Atualmente estou aguardando o resultado de 4 processos:

1. Entrega do Diploma de aprovação do Exame de Português CELPE-BRAS. Apresentei e a provei o exame em abril.

CREA/DF. Para poder exercer a profissão dentro da lei. (Entrada no processo em junho/05).

3. Processo de pedido de permanência desde março/05

4. processo de renovação do visto temporário desde outubro/05. Às vezes dá uma vontade de desistir.
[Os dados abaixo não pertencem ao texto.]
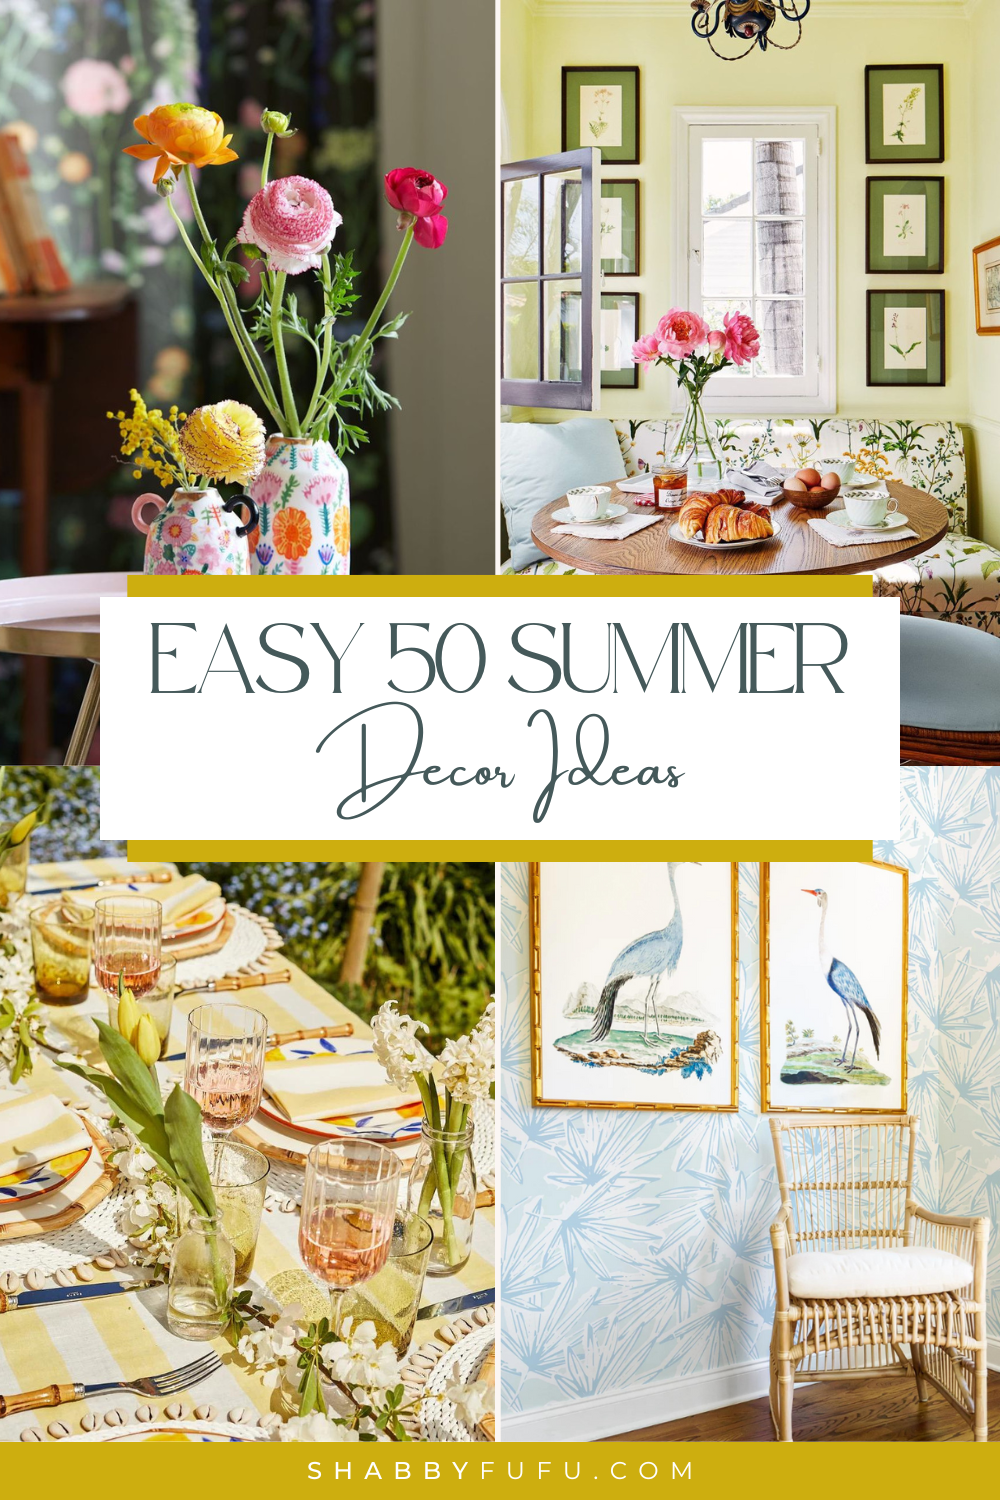 Decorative Pinterest image featuring a collage of different summer decor ideas

A história de Carlos mostra claramente que os estereótipos construídos pelos policiais e pelos outros representantes do Estado não se aplicam sempre no sentido de que se generaliza a idéia de que é muito fácil para os(as) imigrantes altamente qualificados a conseguir o visto permanente, ou que os(as) imigrantes normalmente casam para conseguir um visto. O relato de Carlos serve para indicar que não são todos(as) estrangeiros(as) que resolvem casar-se para permanecer no país.